Liegen die Bakterien für längere Zeit auf dem trockenen und bekommen dann keinen Wassernachschub mit all den Stoffen, die sie ja aus dem Teich verarbeiten sollen, dann sterben sie unweigerlich.

Damit erstmal dem Teich ein wenig geholfen ist, macht der Teilwasserwechsel Sinn.

Anschliessend die Filterreinigung, damit der ganze Schmodder und die abgestorbenen Bakterien raus sind.

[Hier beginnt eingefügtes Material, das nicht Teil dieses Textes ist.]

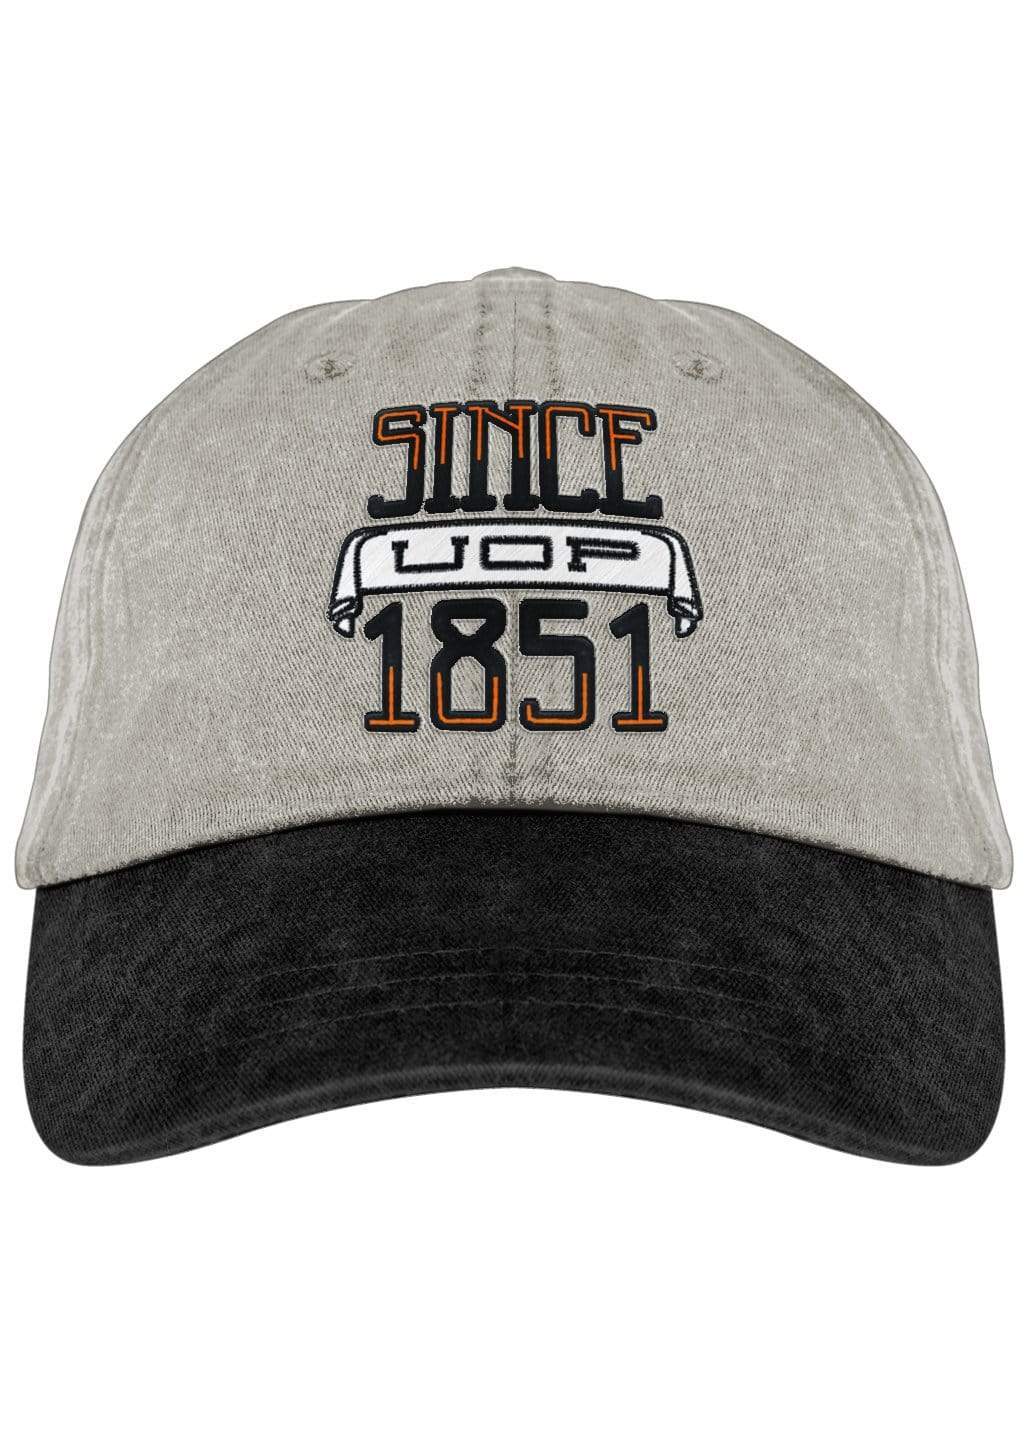 University of the Pacific Tigers Since 1851 Fadeaway Cap Hat by Zeus Collegiate
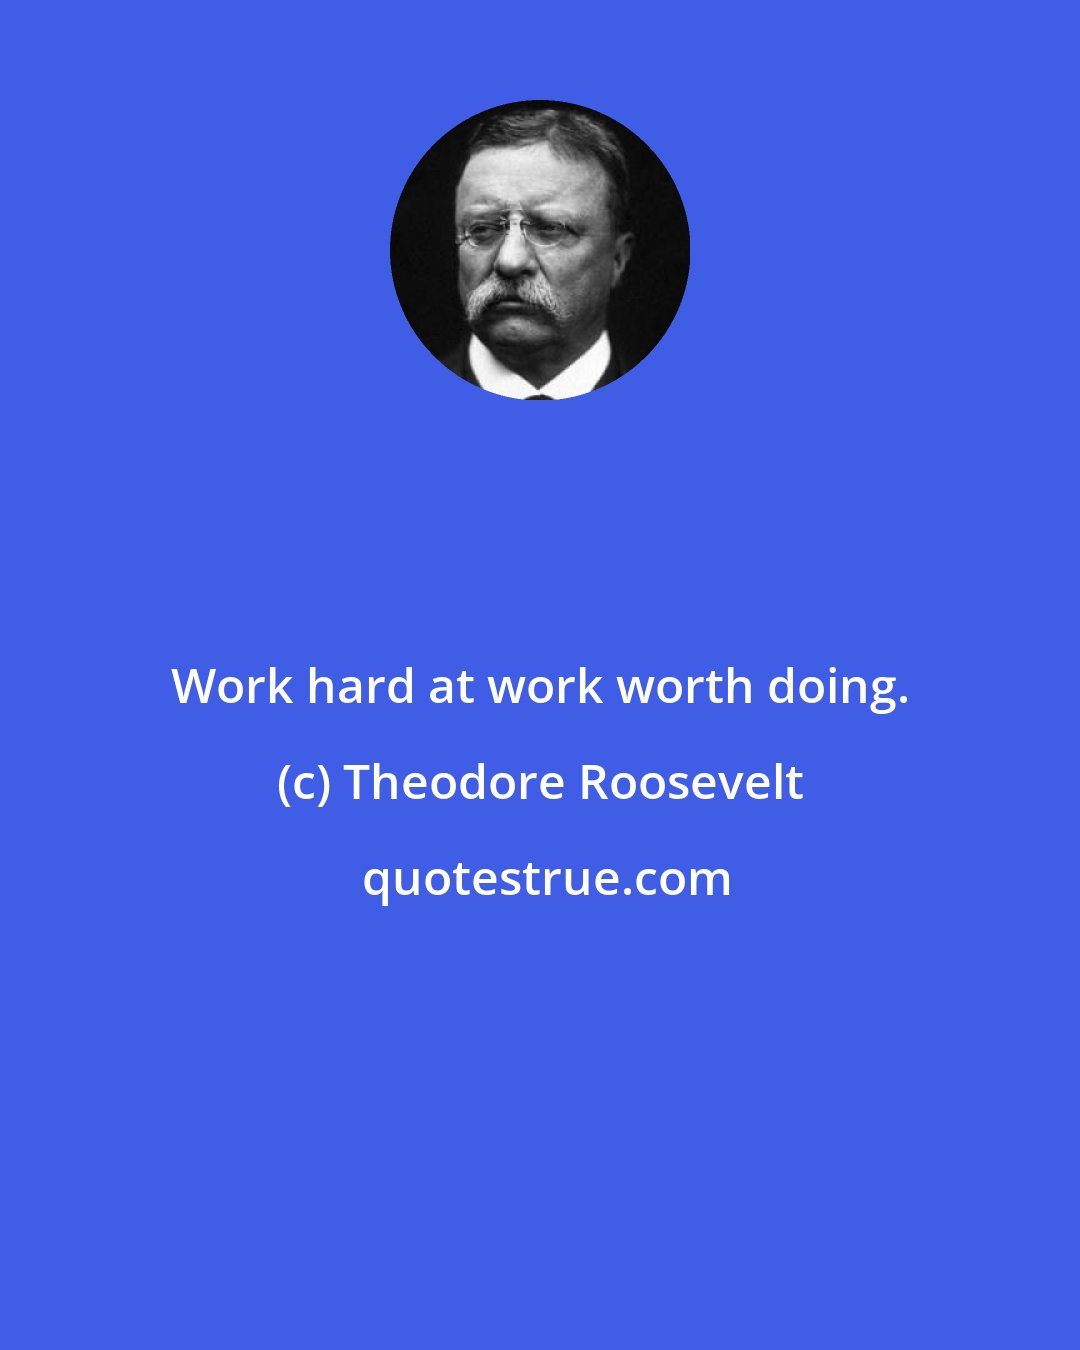 Theodore Roosevelt: Work hard at work worth doing.

Da das "Einfahren" des Filters einige Zeit braucht und somit der Zeit nun ja erheblich hinterherhinkt machen Filterstarterbakterien Sinn.
Wenn die eingebracht werden (Anleitung beachten), dann ist der Filter recht schnell wieder funktionstüchtig.


----------



## santos (16. Mai 2011)

*AW: grünes wasser mit milchigem schleier*

Hey,vielen dank für diese Tipps. Wie viel Wasser sollte mein dad denn wechseln? 1/3 des teiches?

LG aus dem Saarland


----------



## Zermalmer (16. Mai 2011)

*AW: grünes wasser mit milchigem schleier*

Hallo santos,

hm... 10-20% und in ein paar Tagen dann nochmal.

Damit dürfte auch die Wassertemeratur nicht zu stark abfallen.

Btw. wieviel Liter hat denn der Teich?


----------



## santos (16. Mai 2011)

*AW: grünes wasser mit milchigem schleier*

Der Teich hat Ca.12-14m3 wasserinhalt mit ner Menge pflanzen usw.


----------